(The task):
Using the data below, restate exactly every line from the one with "Cute Shorts & Skirts For Girls, Ages 8-12" up to and including the one with "Two human silhouettes". No picture belongs in it.

(Source data):
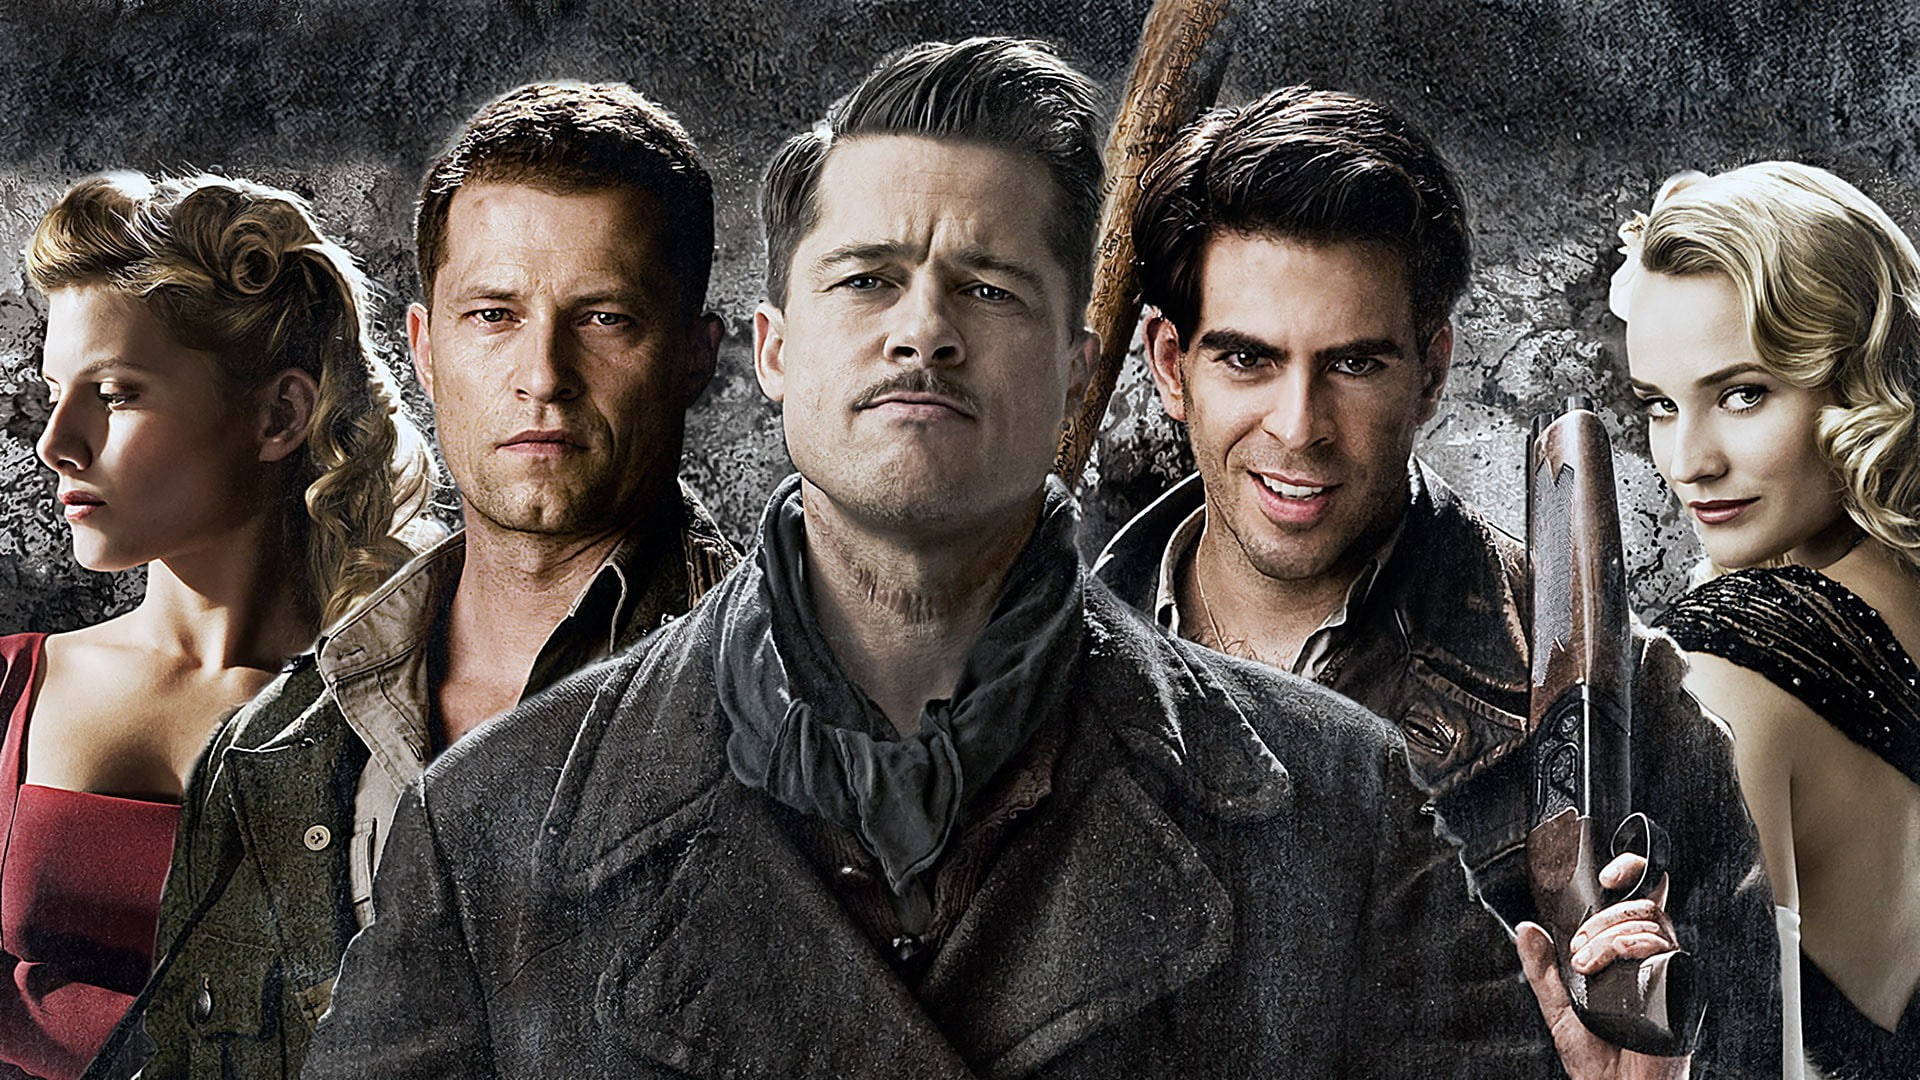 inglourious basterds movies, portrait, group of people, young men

==

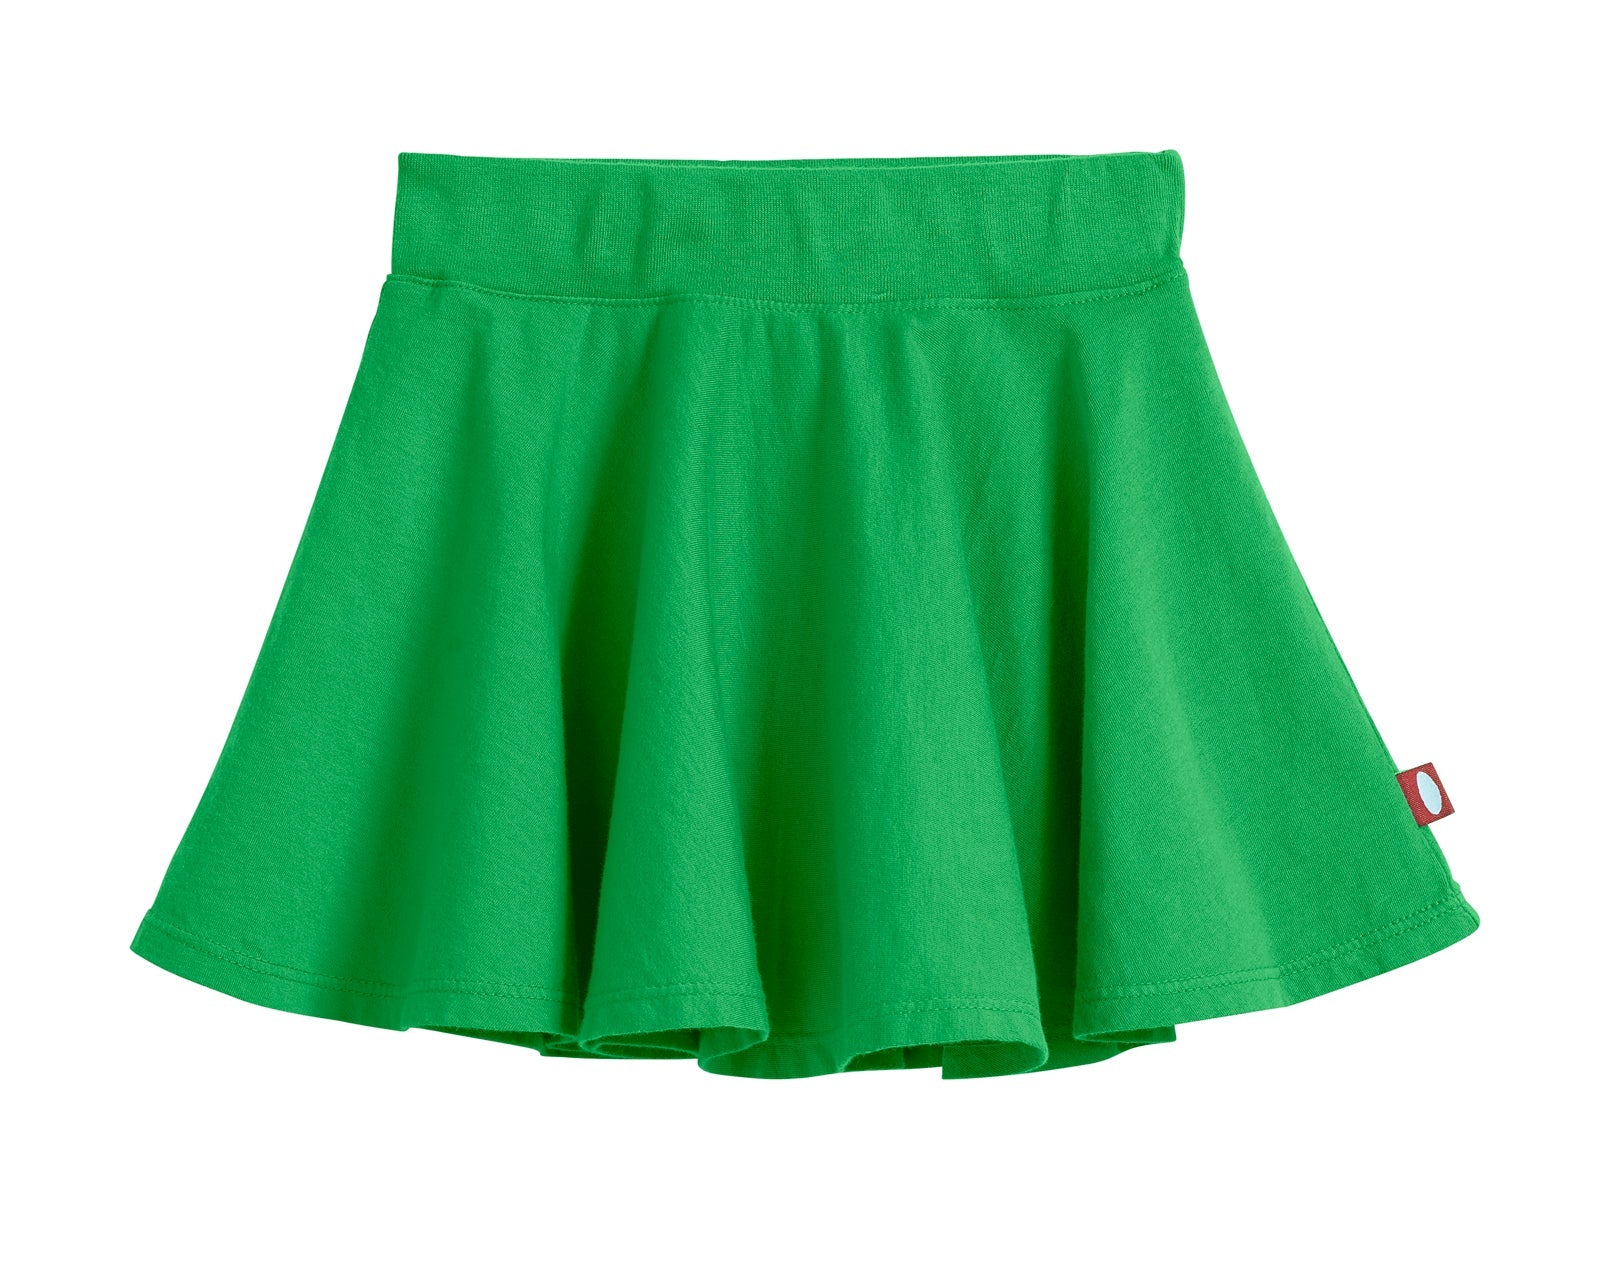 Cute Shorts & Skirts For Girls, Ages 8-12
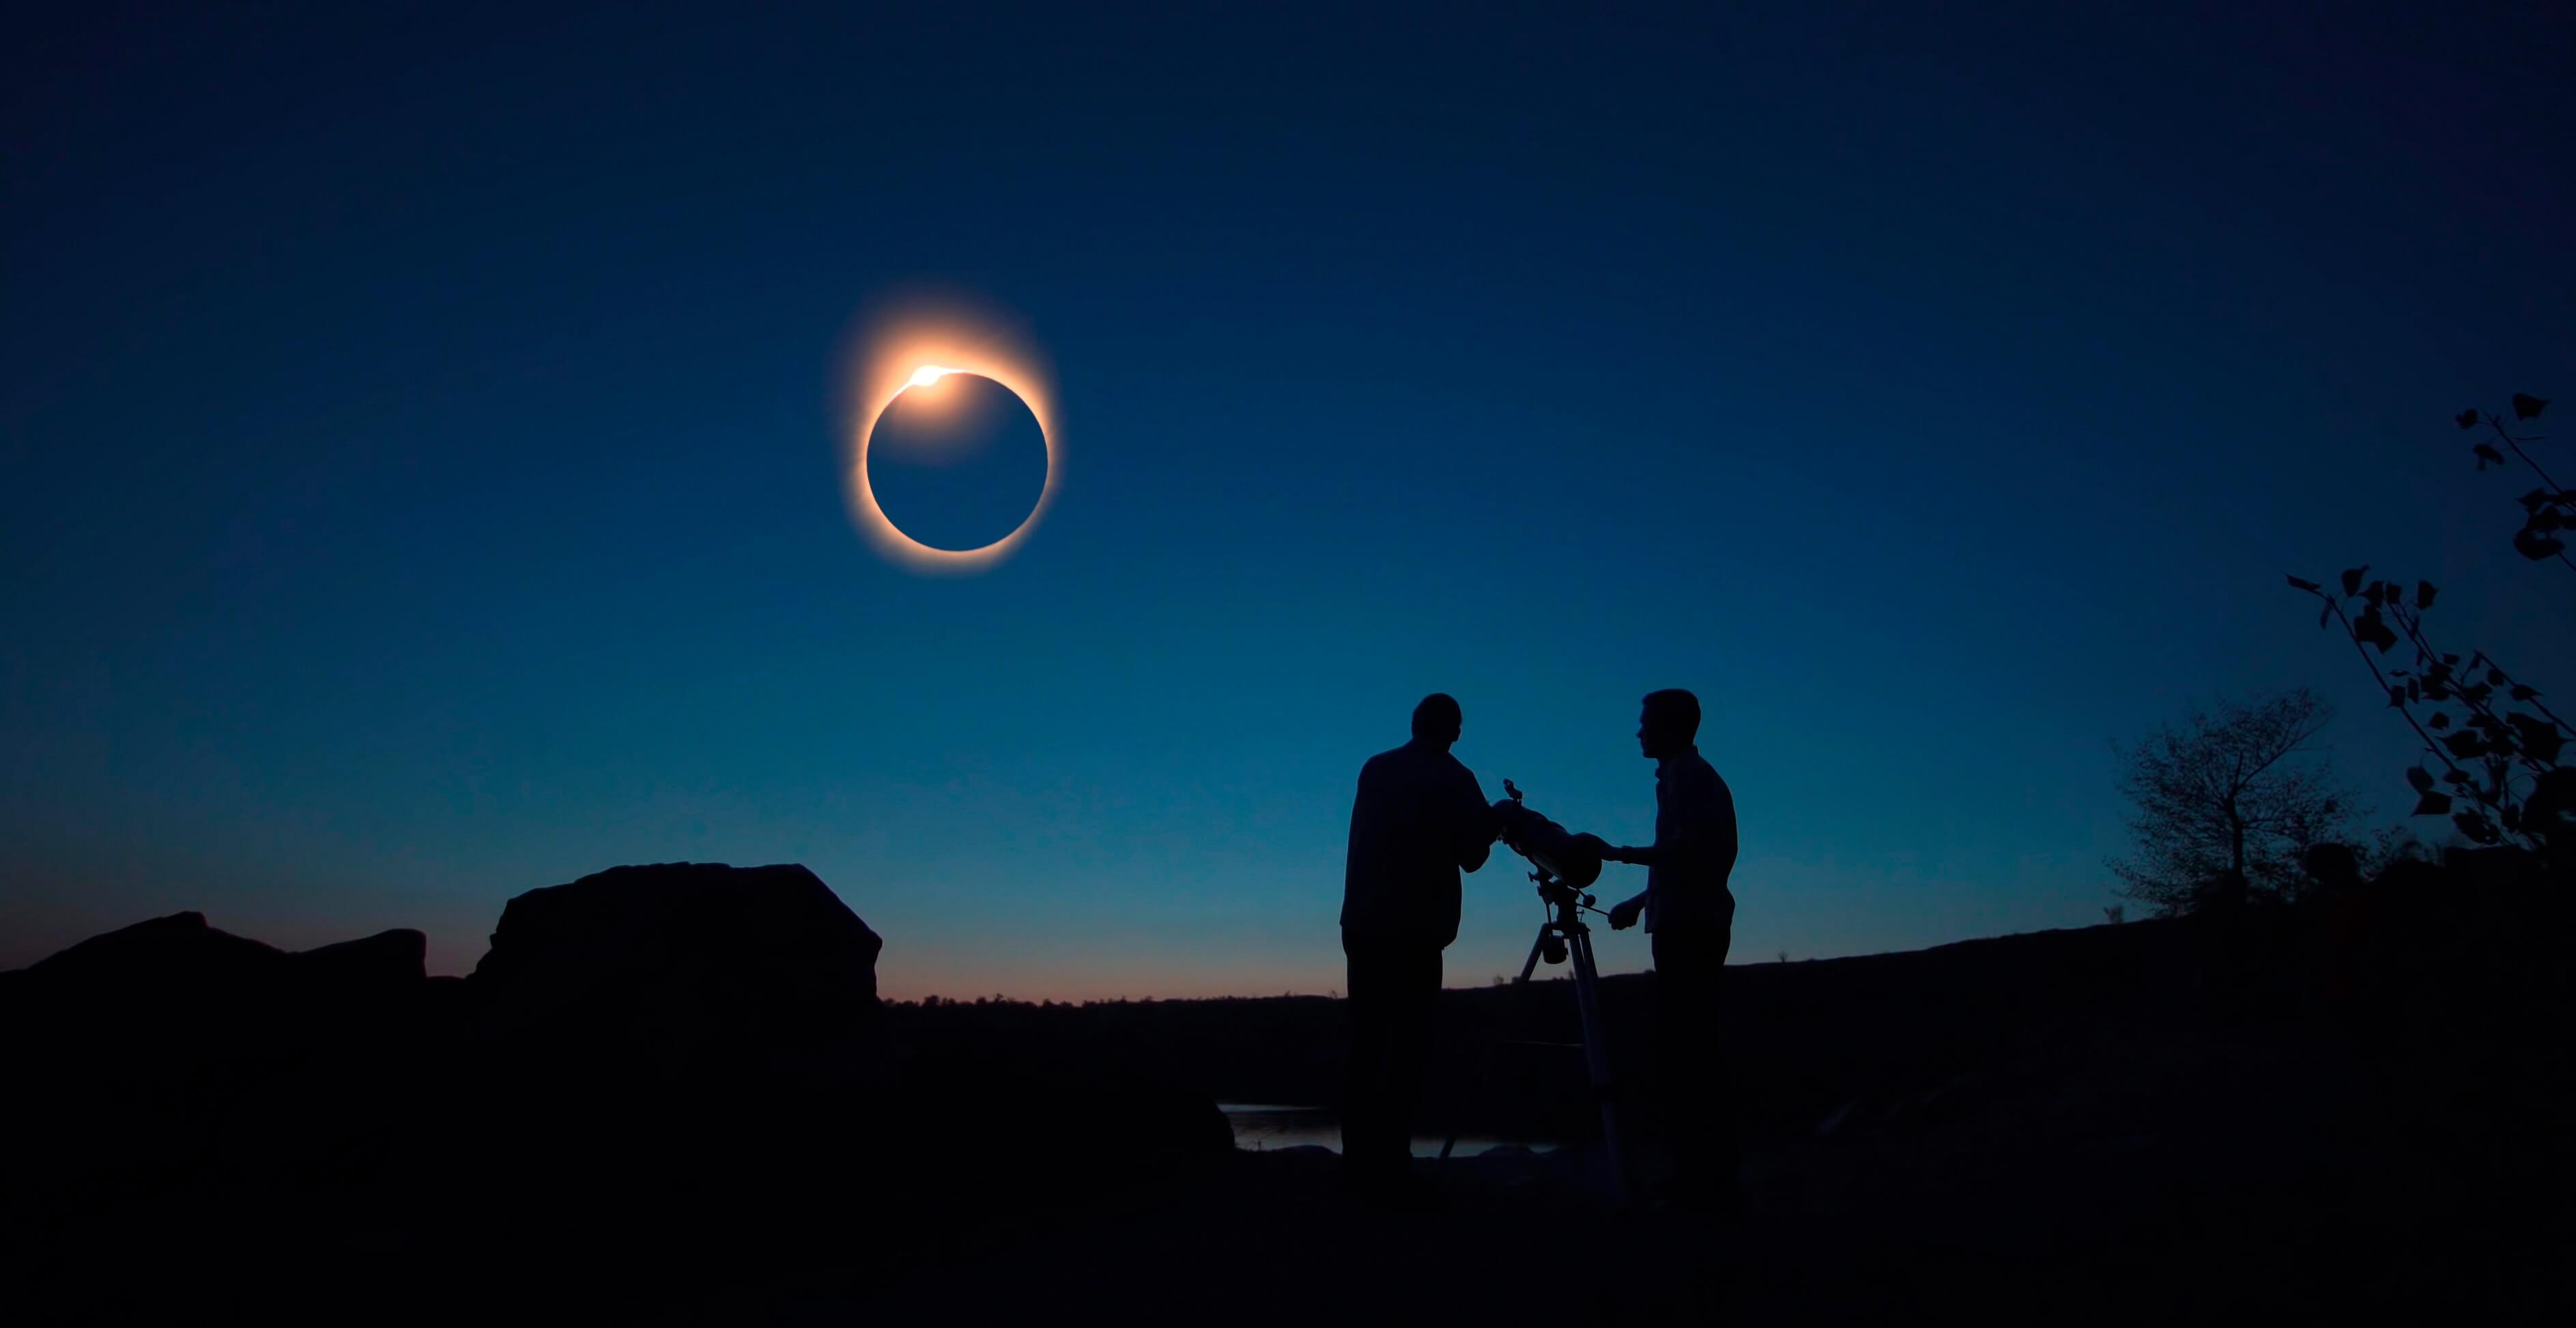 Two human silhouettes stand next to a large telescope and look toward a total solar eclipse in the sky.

(Response):
 Cute Shorts & Skirts For Girls, Ages 8-12
 Two human silhouettes stand next to a large telescope and look toward a total solar eclipse in the sky.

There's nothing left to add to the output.